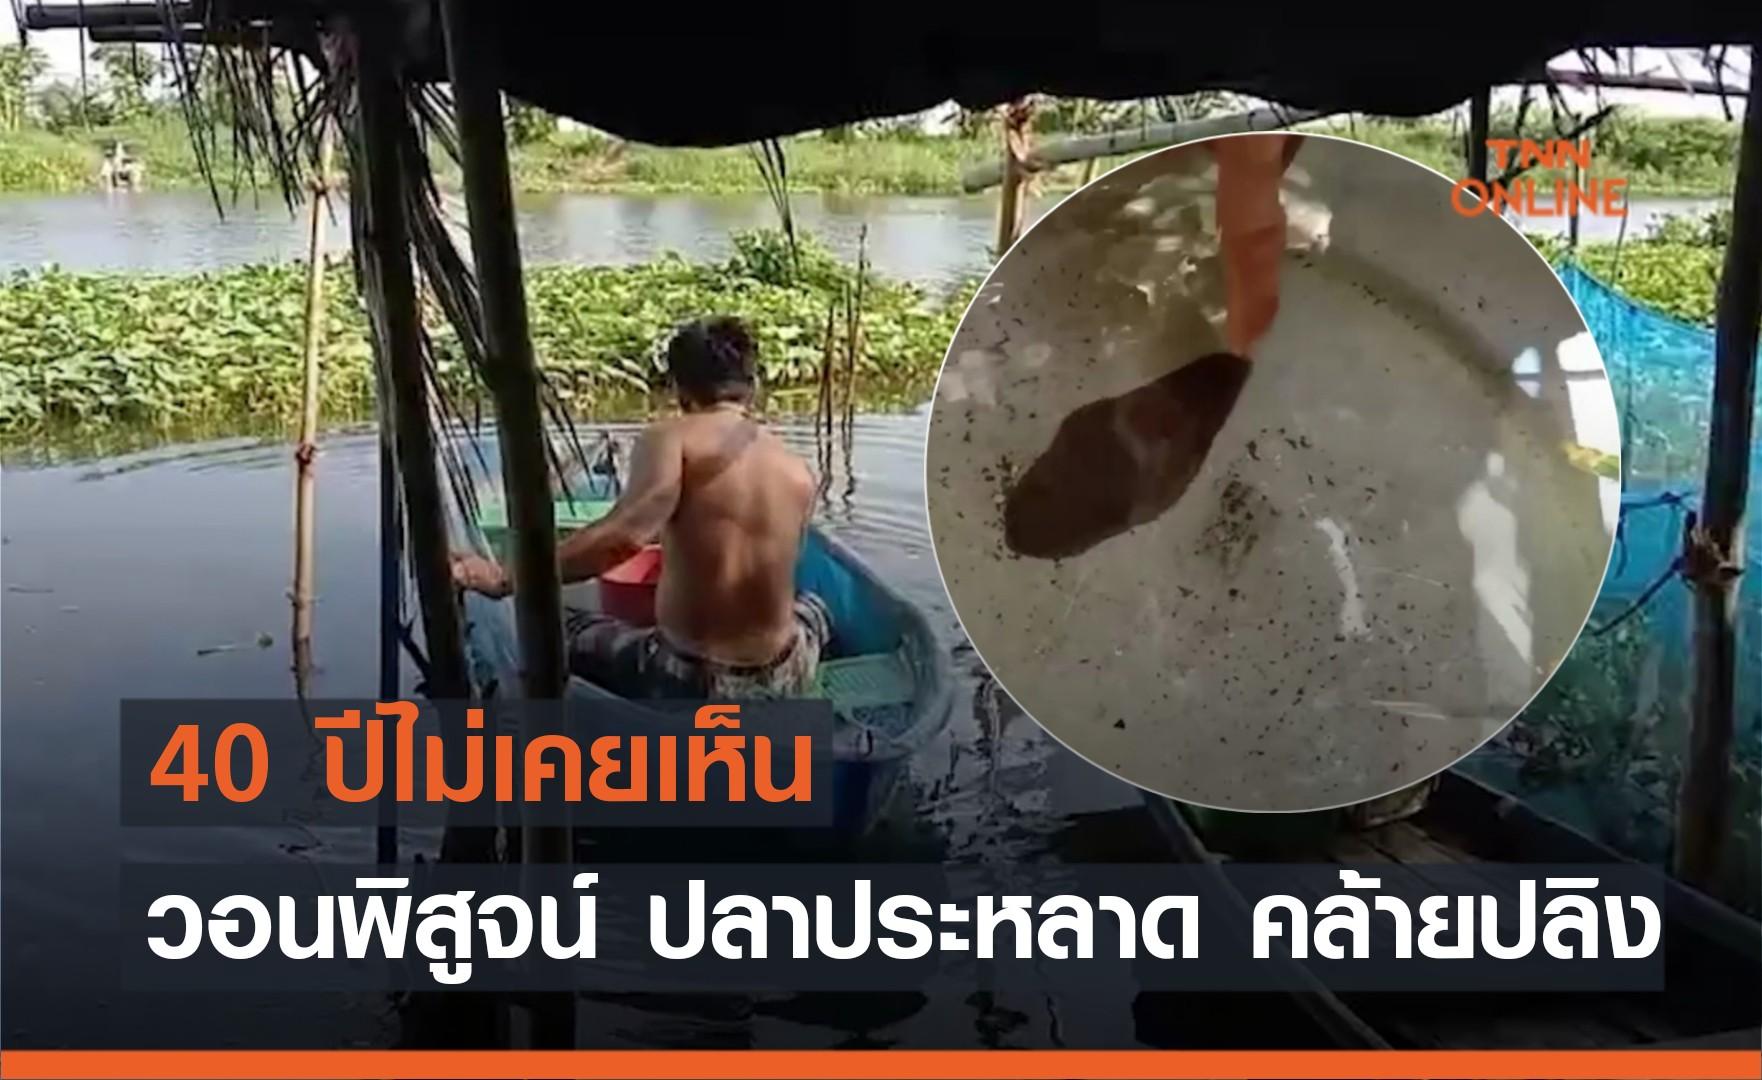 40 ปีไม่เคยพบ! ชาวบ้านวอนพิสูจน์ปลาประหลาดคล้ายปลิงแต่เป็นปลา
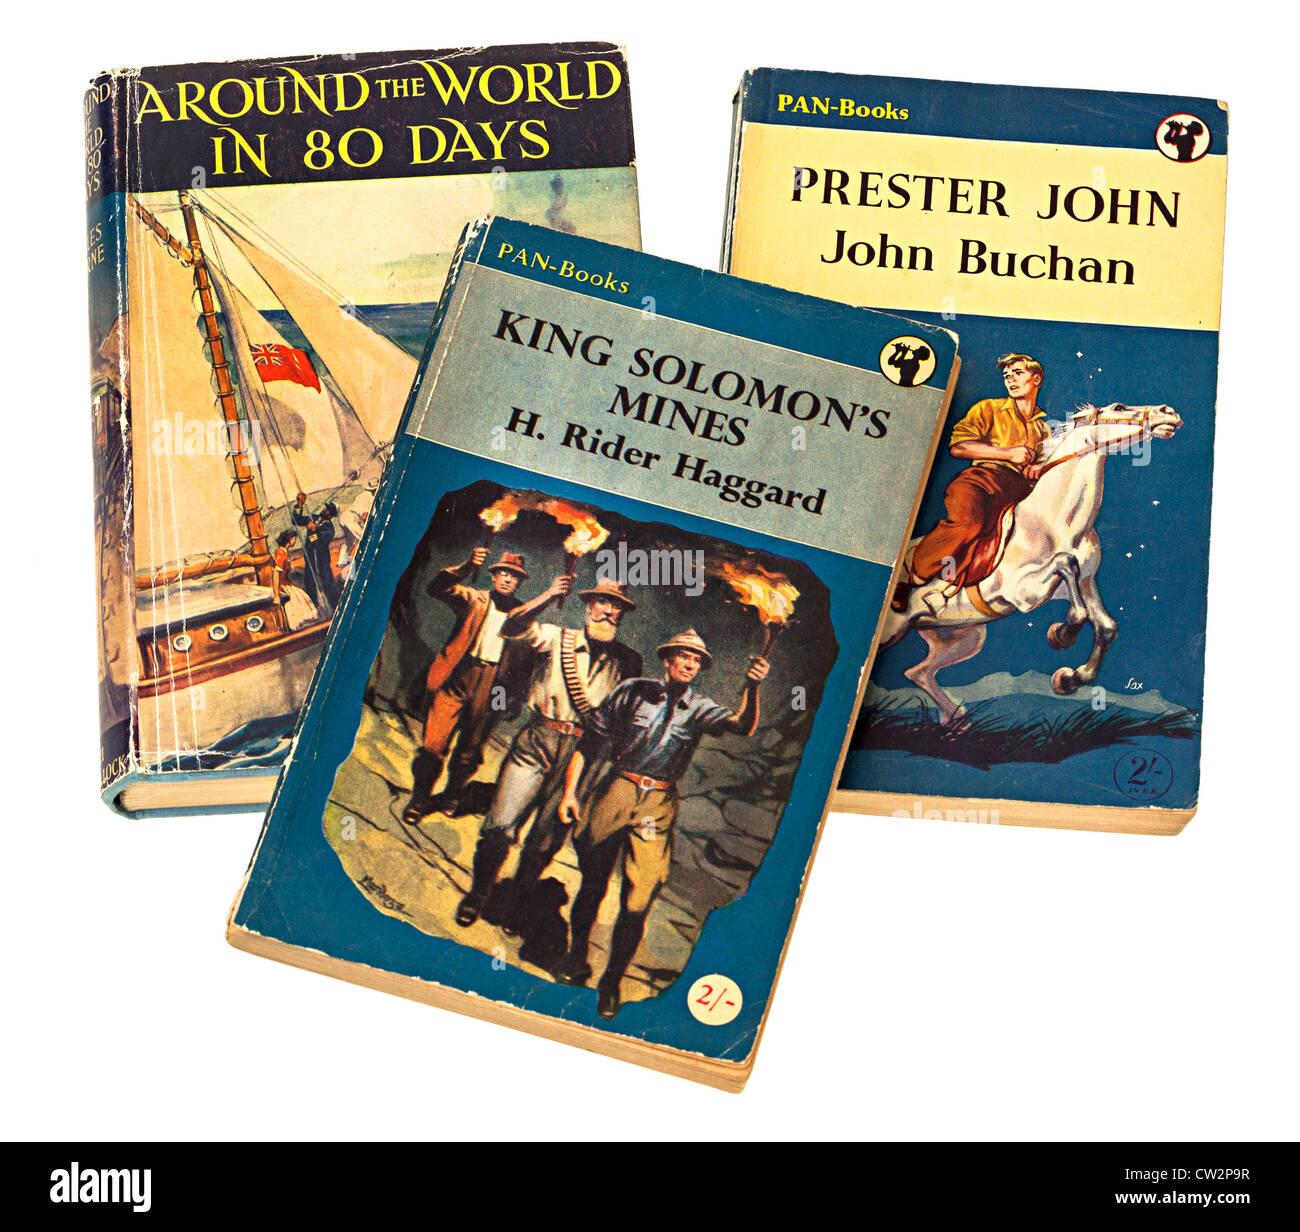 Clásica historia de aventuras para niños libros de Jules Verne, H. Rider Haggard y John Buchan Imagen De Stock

* * *

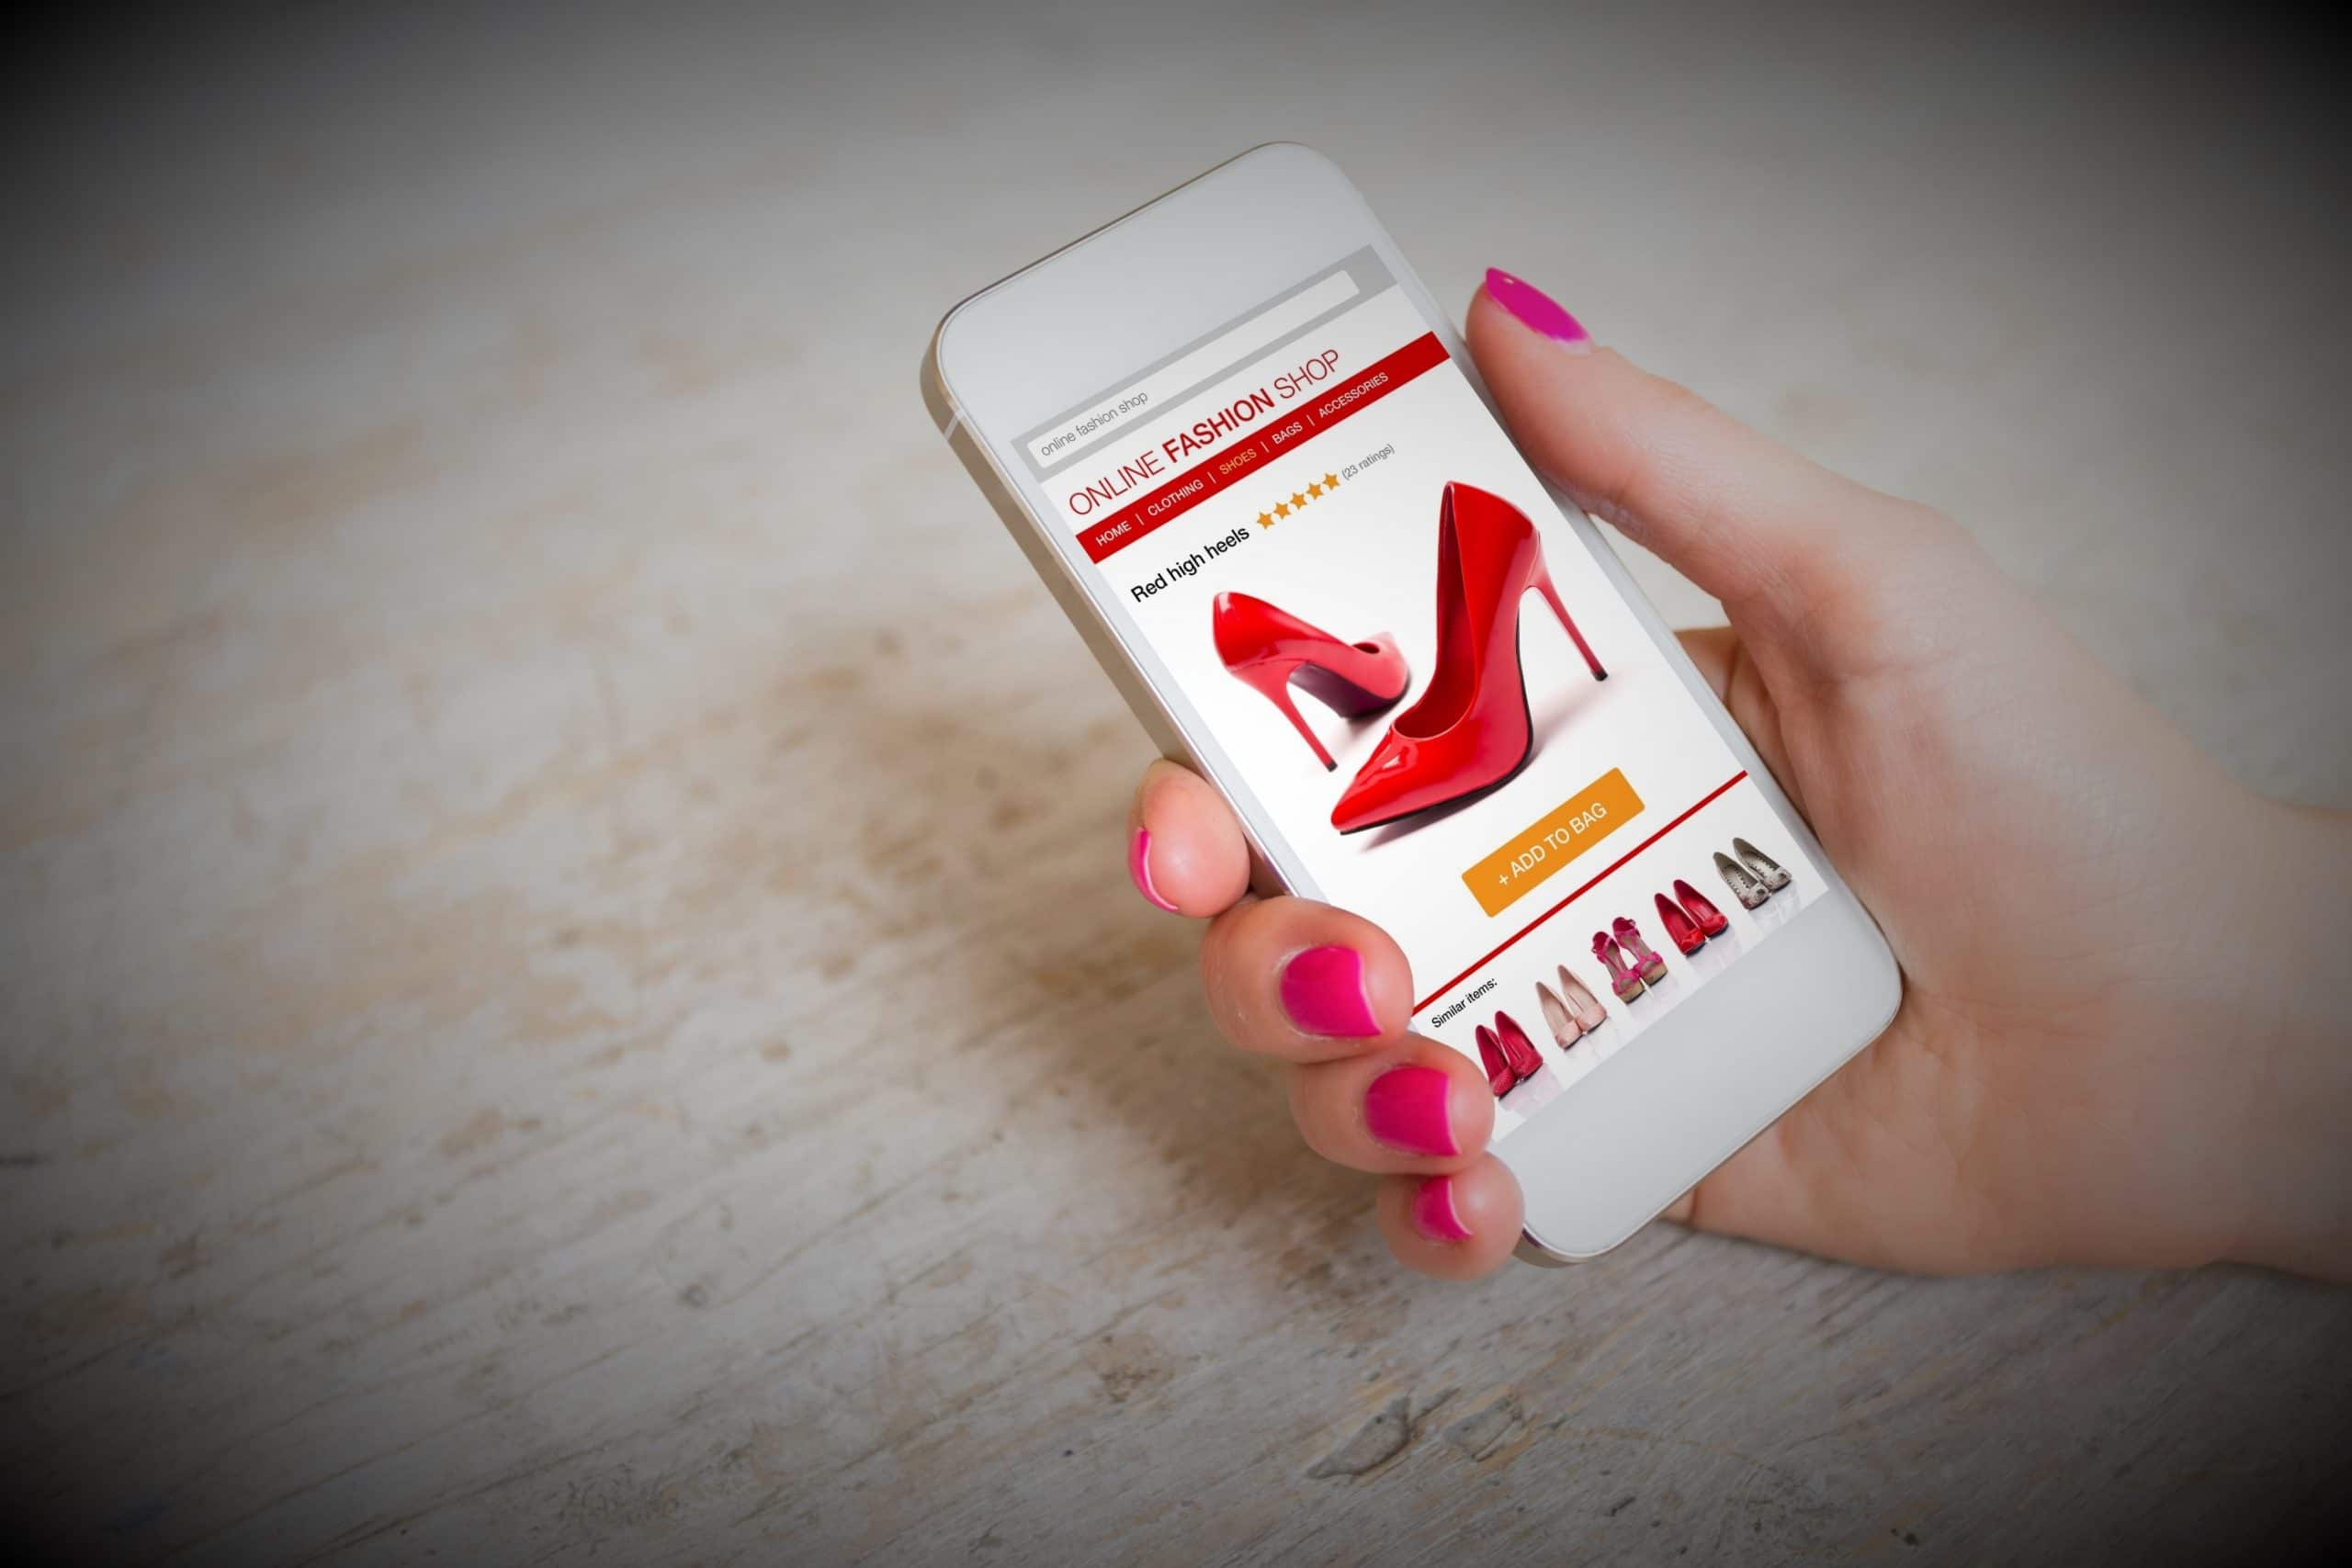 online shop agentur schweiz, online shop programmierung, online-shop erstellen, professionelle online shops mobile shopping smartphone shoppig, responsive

...

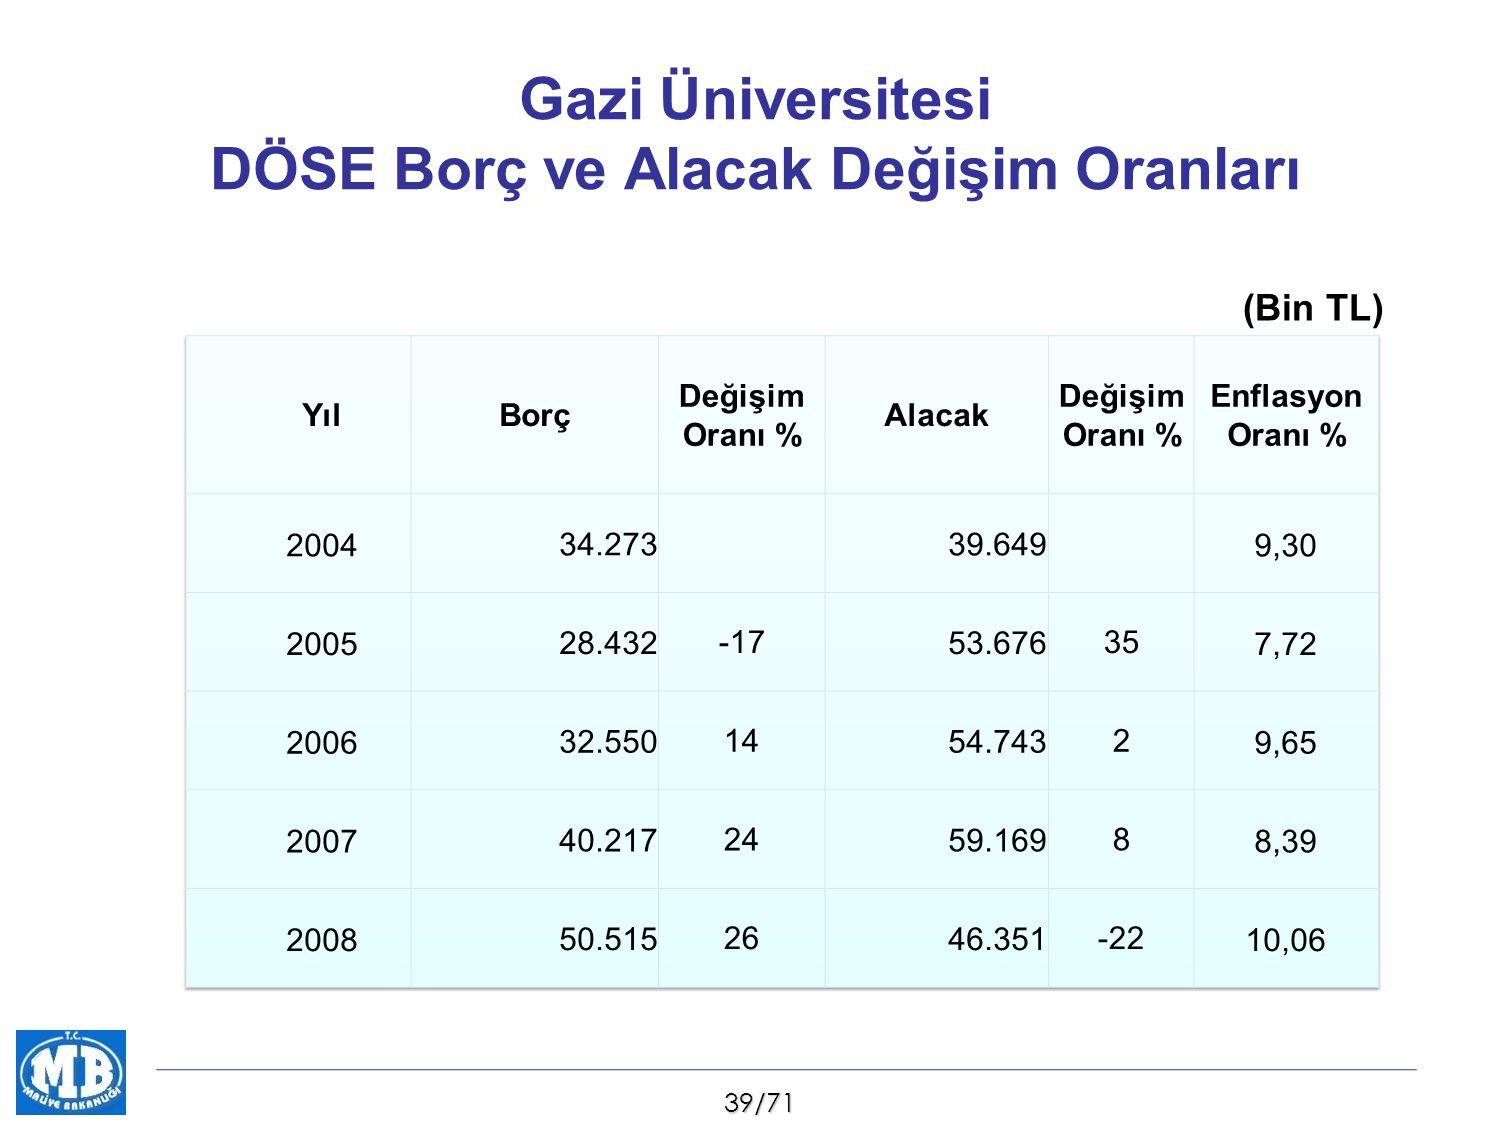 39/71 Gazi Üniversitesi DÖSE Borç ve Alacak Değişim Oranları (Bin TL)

## Aim of the task
Given the listing above, repeat exactly the lines starting at the one with "40 ปีไม่เคยพบ! ชาวบ้านวอนพิสูจน์ปลาประหลาดคล้ายปลิงแต่เป็นปลา" and ending at the one with "Clásica historia de", inclusive, excluding pictures.

## Solution for this exercise
 40 ปีไม่เคยพบ! ชาวบ้านวอนพิสูจน์ปลาประหลาดคล้ายปลิงแต่เป็นปลา
 Clásica historia de aventuras para niños libros de Jules Verne, H. Rider Haggard y John Buchan Imagen De Stock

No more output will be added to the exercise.